We had a skunk underneith our house and it must have sprayed cause when we got home that night It was fresh smelling unrine. Does anyone know how to get rid of the smell? I carpet cleaned my floors with this skunk deoderizer, febreeze, lysol, plug ins, and lots of candle's. My nose is burning from all the chemicals and the skunk. My husband and I had to go rent a motel the other night because it was so bad. we left the doors open for an hour in 0 degree weather.


----------



## Daniel

*Re: how to get rid of skunk smell*

I am looking up stuff, but here is one tip I found:



> When deodorizing a house, don't forget to change the air filter to the furnace/air conditioner.
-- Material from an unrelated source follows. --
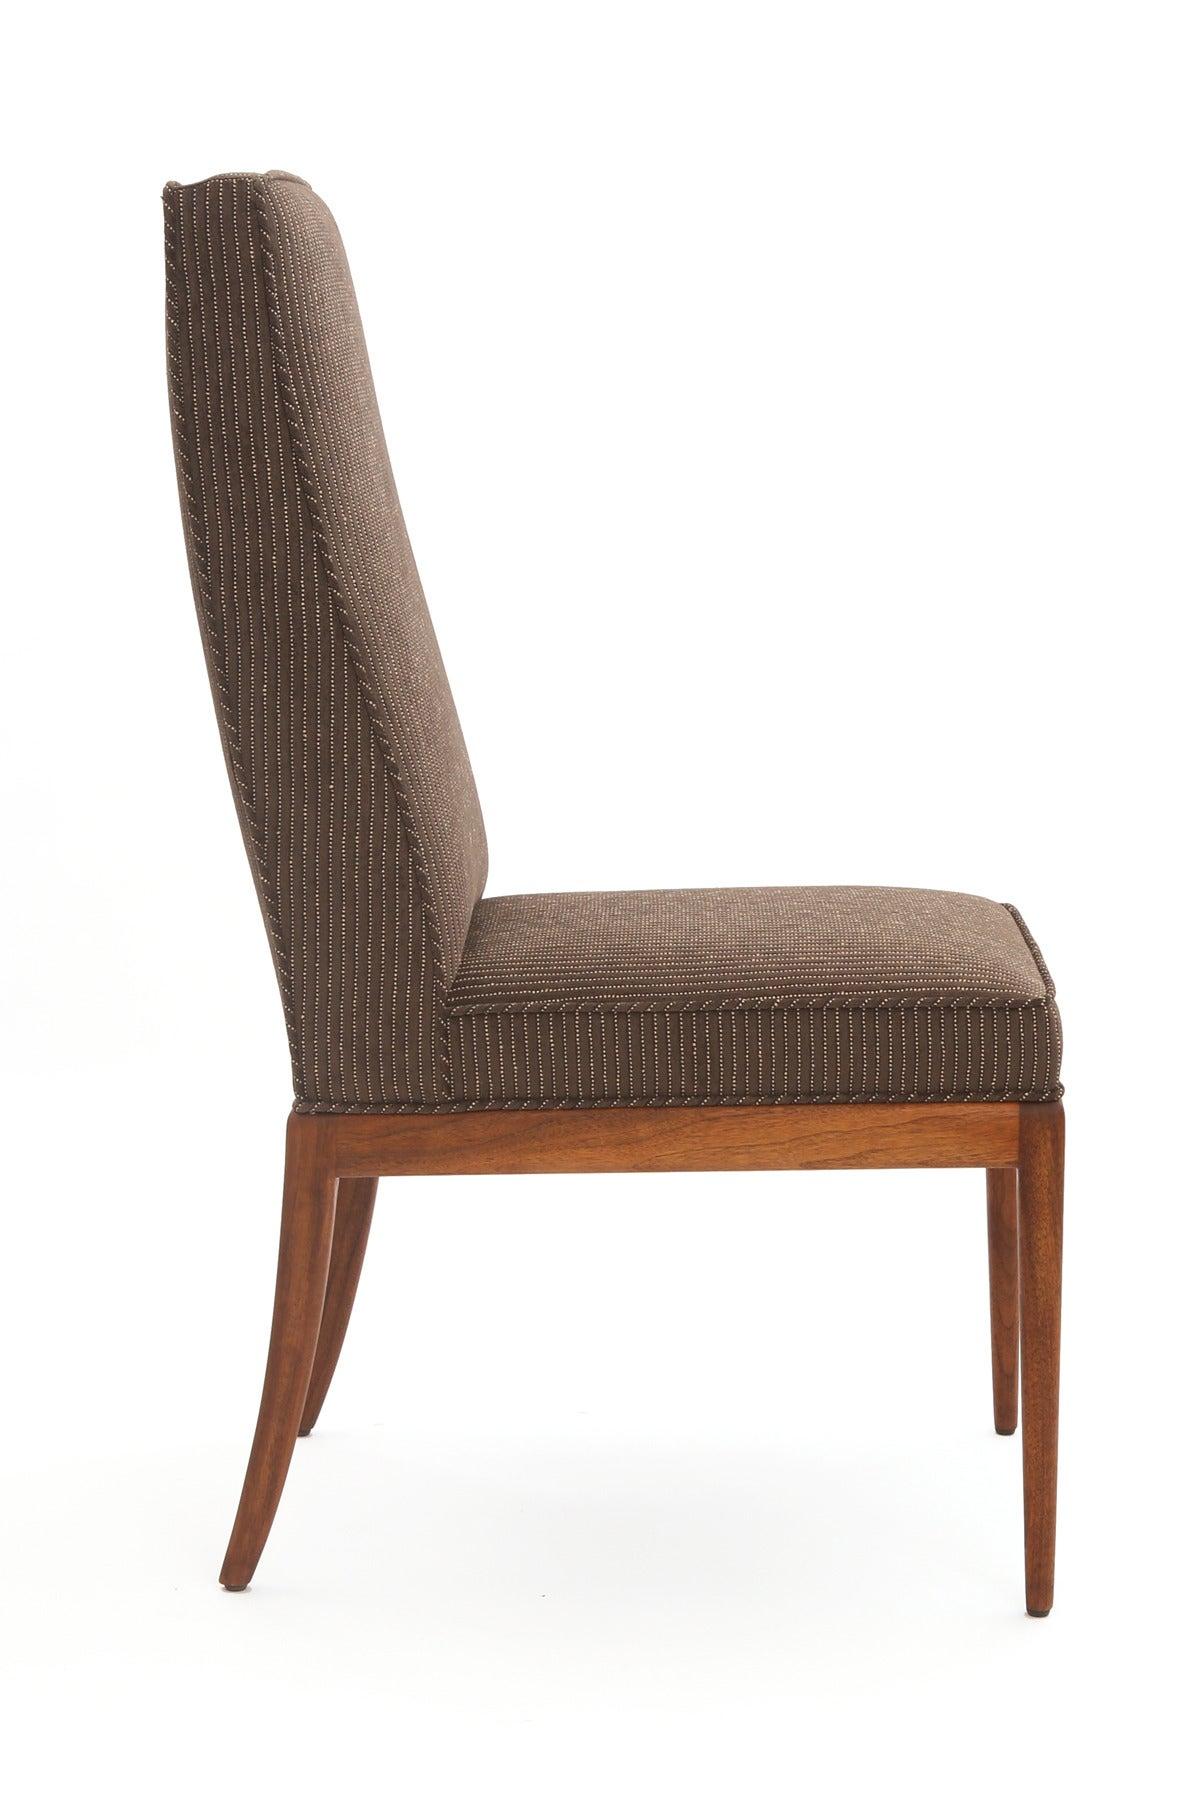 Six saber leg mahogany and upholstered dining chairs at for Upholstered dining chairs with black legs

Sometimes it can become contaminated with skunk odor and continue to disperse the smell throughout the house after the initial source of the odor has been treated.
> 
> http://elkhorn.unl.edu/epublic/pages/publicationD.jsp?publicationId=432


----------



## Daniel

*Re: how to get rid of skunk smell*

http://en.wikipedia.org/wiki/Skunk


----------



## Daniel

*Re: how to get rid of skunk smell*

From what I have just read:

- It's important to ensure there isn't a dead skunk under the home and that a skunk can't come back.   Skunks only spray when they are scared, so having a dead skunk under one's home is certainly possible.

- The most effective solution is 3% hydrogen peroxide + baking soda + liquid dish soap.     This solution is safe to apply on people and pets.   I wouldn't use it on clothing, furniture, or anything of fabric since the peroxide could be staining -- I don't know for sure.


----------



## Banned

I"ve also found that even when getting "rid" of skunk smell, if it becomes damp the smell will come back albeit not as strongly.  At least that has been the case with my dogs, using the most effective (supposedly) solutions available.


----------



## skye

I had that happen to me We had to put lime under the house,the landlord owned a dairy farm and he brought us the lime.I also bathed the dog with ketchup and rubbed her with vanilla,It was the only thing that worked for me i also boiled vanilla on the stove with water it made the house smell better it was horrible..hope this helps


----------



## braveheart

lots of incense?


----------



## Eye Stigmata

Natures Miracle Skunk Formula


----------